With the realization about Meltdown and a new look at ObjectiveFS, we resumed testing and making more tweaks. Performance was better but not the best we hoped for. More and more updates gave us incremental improvements. In the first iteration we used multiple ObjectiveFS mounts. They covered many stores on a given physical node, and those mounts existed on all workers in the Stratus cluster. As a store scaled out, the containers already had the files available. Requests would cache the files a container needed on the respective node over time. But with many stores sharing a mount, the cache sizes became very large relative to a store. With such a large cache, any given request needed to fetch a lot of specific files from a large haystack. Testing confirmed it was a major bottleneck.
For Stratus 2.5, the current generation, we moved to having a single ObjectiveFS file mount per store. Each store has its own file cache local to a node running its containers on disk and in memory. We launched Stratus 2.5 2 weeks ago and it has solved every file system issue we’ve received complaints about, especially update slowness in Magento admin. Site performance is faster than ever, according to our New Relic data every store is 30% faster now. Stores with heavy file operations on load show even more improvement.

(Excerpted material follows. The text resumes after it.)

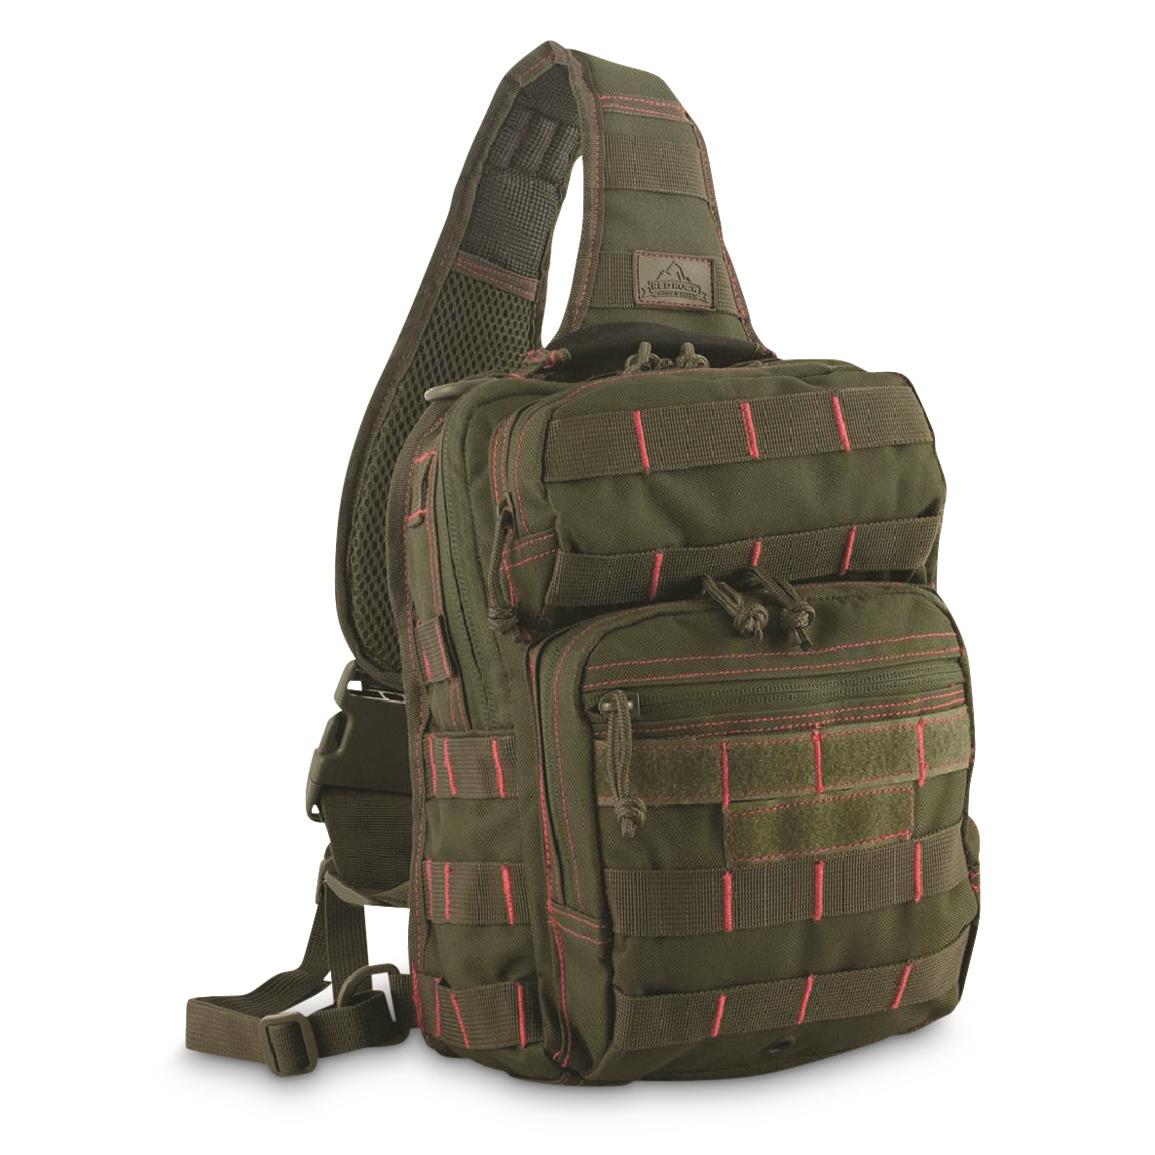 Red Rock Outdoor Gear Rover Large Sling Bag, Od/red

We’ve also added a lesser known feature called Stratus Cache. Stratus cache directly adds most of your code base into the container images we use for scaling. Stratus caches bypasses the file system for a majority of the system calls and improves performance while making scaling for large sales a breeze. If you are planning a large promotion or traffic influx, please let us know and we help get that working for you.
To contribute back to the community and improve Stratus, we’ve started making our own Magento 2 modules to address specific concerns we have about Magento 2 performance. Our first release was a complete re-work of the cron system in Magento 2. On Github at https://github.com/magemojo/m2-ce-cron . By default the Magento 2 crons can take a server down in the right conditions and they constantly fight each other and run the same task multiple times. Our module eliminates that problem, because it causes issues with stores and vital cron tasks are missed.
Next we have our split DB extension viewable at https://github.com/magemojo/m2-ce-splitdb . Magento 1 CE allowed merchants to easily use a master-slave database setup with a dedicated reader. Stratus uses Aurora which scales by having seamless multiple readers in a cluster. Since M2 CE does not support this at all out of the box, we had to build our solution. We believe Community should be able to scale just as well as Enterprise.
As we near Magento Imagine, we are working on improving the dev experience on Stratus. We provide free dev instances which are the same CDN and stack used by any production Stratus instance. Going forward, we want to include more tools, tests and utilities to make a developer friendly environment. The primary feature will be Live Preview. At the click of a button, customers can create exact copies of their production store, including the database. Then developers can go in and make changes, commit them, run tests, and push to production. Preview sites will be storable so you can save different versions of the site and refer to them as needed. After the initial release of Live Preview, we will be adding tools to perform Selenium and unit tests.
Stratus is now the premiere platform for Magento hosting. Nothing can scale and run your Magento store better. We've come a long way and we are grateful for our customer's patience. Now it's time to get back to business and stop worrying about your server.